Najah Ghmaid

Work place: Department of Computer Science, Faculty of Science, Sebha University, Sebha Libya

E-mail: naj.ghumeid@sebhau.edu.ly

Website:

Research Interests:

Biography

Najah Ghumeid was born in Sebha, southern Libya, in 1985. She received the B.S. degree in computer science from the faculty of sciences, Sebha University, Libya, in 2008. She is currently a lecturer and M.S. candidate in artificial intelligence and machine learning at the College of Information Technology, Sebha University, with an expected degree completion in 2025. She co-authored the paper “Addressing the Libyan Arabic Dialect Identification: A Comparative Study of Ensemble Classification Methods” (Tripoli, Libya, IEEE-MI-STA 4th, 2024). Professionally, she serves as an accredited trainer at Sebha University’s Training and Development Centre, specializing in programs such as IC³, ICDL, MOS, and TOT. She has over 10 years of experience designing and accrediting IT training curricula, including foundational contributions to the Centre’s inaugural programs in 2016. Previously, she led the implementation of the university’s staff classification system (2016) and served on its Financial Entitlements Committee (2019). Her research focuses on natural language processing (NLP) and artificial intelligence (AI) systems.
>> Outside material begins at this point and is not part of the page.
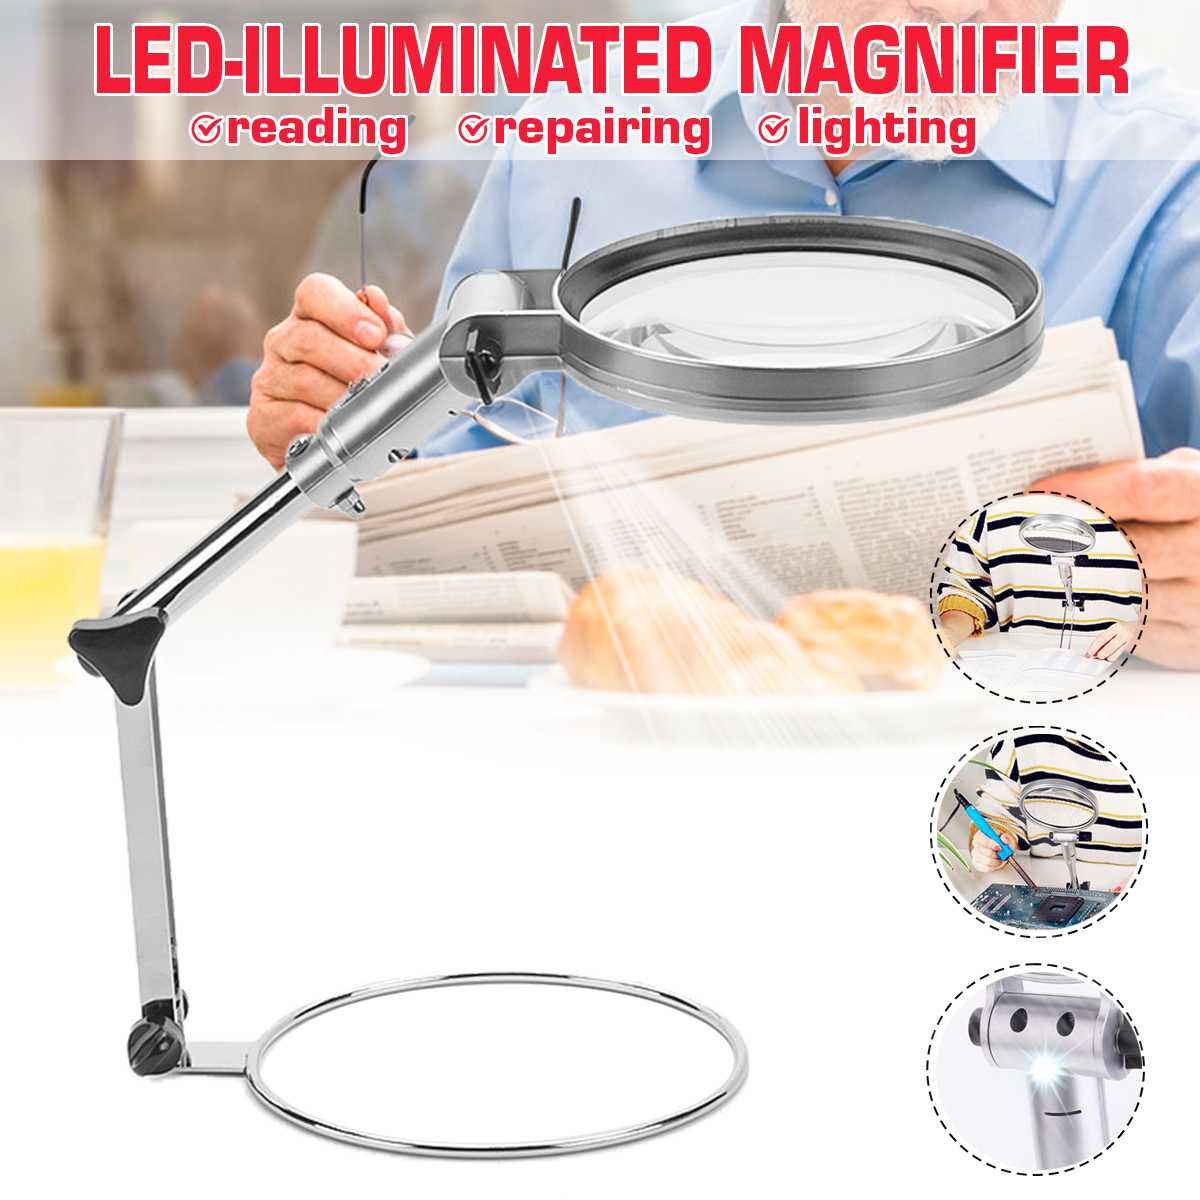 25X-120mm-Foldable-Desktop-Illuminated-Magnifier-Magnifying-Glass-Reading-Loupe-LED-Lighted-Lamp-Opt-1647047

Ms. Ghumeid holds certifications as a Microsoft Office Specialist (MOS, Certiport, 2013), IC³ Global Standard 4 Instructor (Certiport, 2010), ICDL Master Instructor (2013), and Trainer of Trainers (TOT, American Canadian Board, 2016).

Author Articles
Computational Linguistics Meets Libyan Dialect: A Study on Dialect Identification

By Mansour Essgaer Khamis Massud Rabia Al Mamlook Najah Ghmaid

DOI: https://doi.org/10.5815/ijisa.2025.06.09, Pub. Date: 8 Dec. 2025

This study investigates logistic regression, linear support vector machine, multinomial Naive Bayes, and Bernoulli Naive Bayes for classifying Libyan dialect utterances gathered from Twitter. The dataset used is the QADI corpus, which consists of 540,000 sentences across 18 Arabic dialects. Preprocessing challenges include handling inconsistent orthographic variations and non-standard spellings typical of the Libyan dialect. The chi-square analysis revealed that certain features, such as email mentions and emotion indicators, were not significantly associated with dialect classification and were thus excluded from further analysis. Two main experiments were conducted: (1) evaluating the significance of meta-features extracted from the corpus using the chi-square test and (2) assessing classifier performance using different word and character n-gram representations. The classification experiments showed that Multinomial Naive Bayes (MNB) achieved the highest accuracy of 85.89% and an F1-score of 0.85741 when using a (1,2) word n-gram and (1,5) character n-gram representation. In contrast, Logistic Regression and Linear SVM exhibited slightly lower performance, with maximum accuracies of 84.41% and 84.73%, respectively. Additional evaluation metrics, including log loss, Cohen’s kappa, and Matthew’s correlation coefficient, further supported the effectiveness of MNB in this task. The results indicate that carefully selected n-gram representations and classification models play a crucial role in improving the accuracy of Libyan dialect identification. This study provides empirical benchmarks and insights for future research in Arabic dialect NLP applications.